A long‑context variant of XLM‑RoBERTa Large extended to 4096 tokens and continued‑pretrained on CC100 with RoBERTa‑style sequence packing and dynamic masking (MLM).

  • Context window: 4096 tokens (implemented as max_position_embeddings ≈ 4098, i.e., 4096 effective tokens + specials)
  • Objective: Masked Language Modeling (MLM) with mlm_probability=0.15
  • Data: CC100 (all languages) via 🤗 Datasets streaming, weigthed interleaved across languages
  • Packing: concatenate documents and insert </s> separators.

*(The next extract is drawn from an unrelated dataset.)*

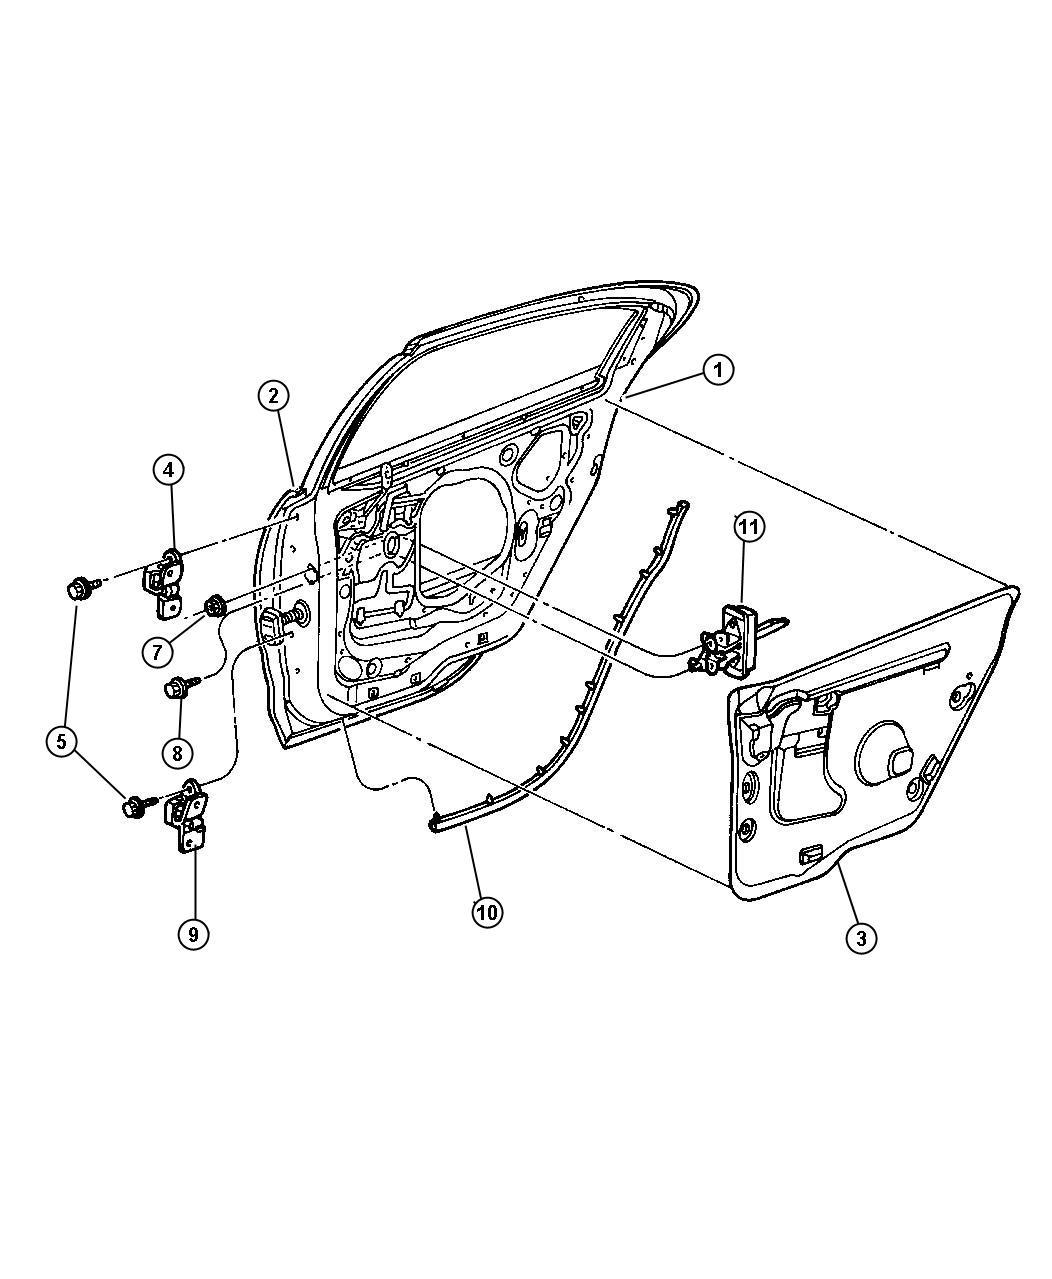 2001 Dodge Intrepid Seal. B-pillar. Check strap
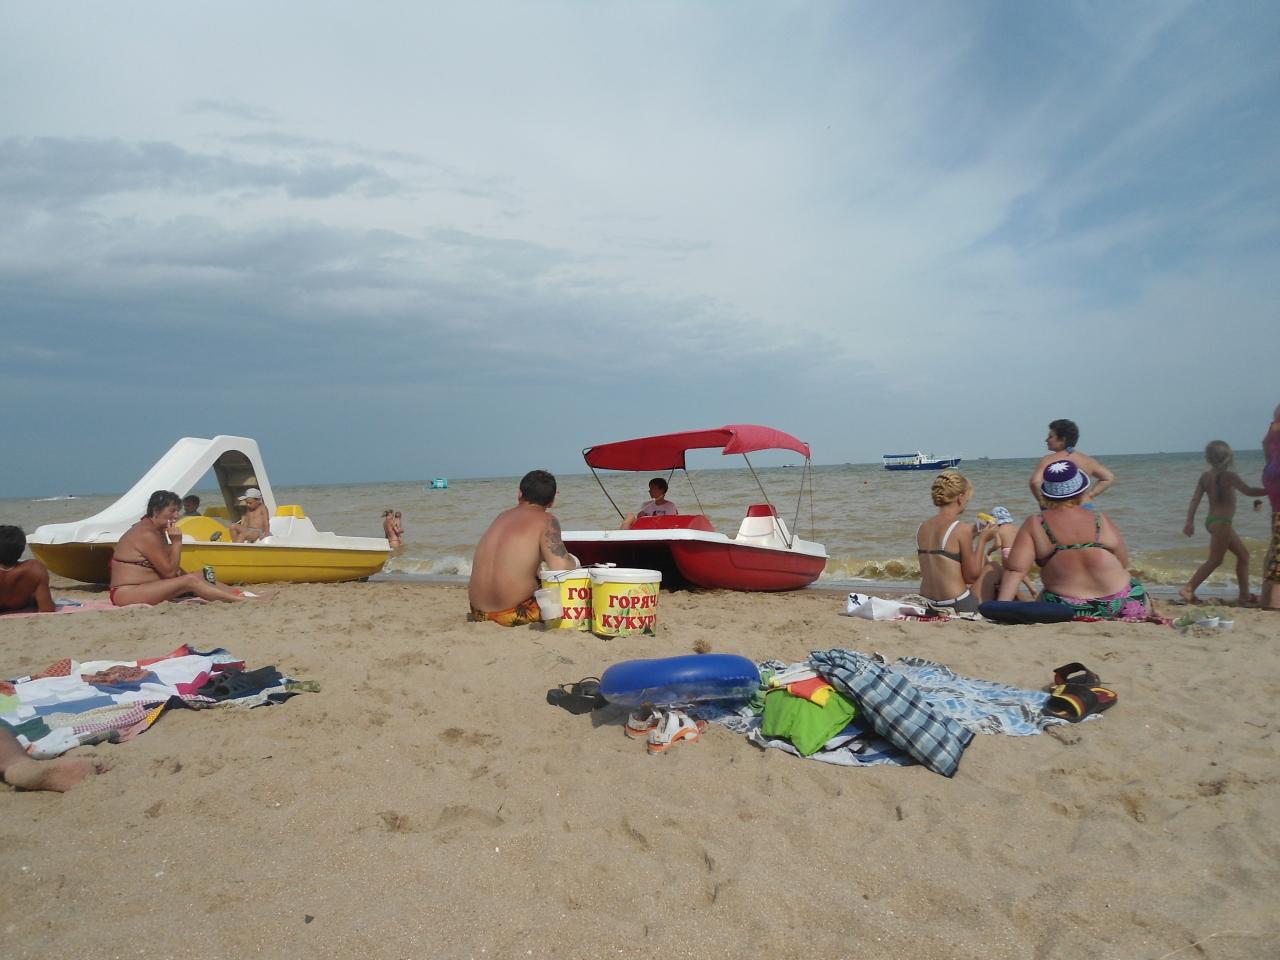 Фото пляжи в урзуфе азовское море

Fixed‑length blocks.
  • Positional embeddings: extended from the base model using interpolation then full model finetuned.

Intended uses

  • General multilingual text representation and MLM pre‑training tasks
  • Backbone for multilingual classification, retrieval, and sequence tagging
  • Starting point for continued task‑specific fine‑tuning that benefits from longer context (documents, code, QA context passages)

How to use:

from transformers import (
    pipeline,
    AutoTokenizer,
    AutoModelForMaskedLM,
)
ckpt = "pierre-tassel/longcontext-xlm-roberta-large-4096-tokens"
tokenizer = AutoTokenizer.from_pretrained(ckpt)
model = AutoModelForMaskedLM.from_pretrained(ckpt)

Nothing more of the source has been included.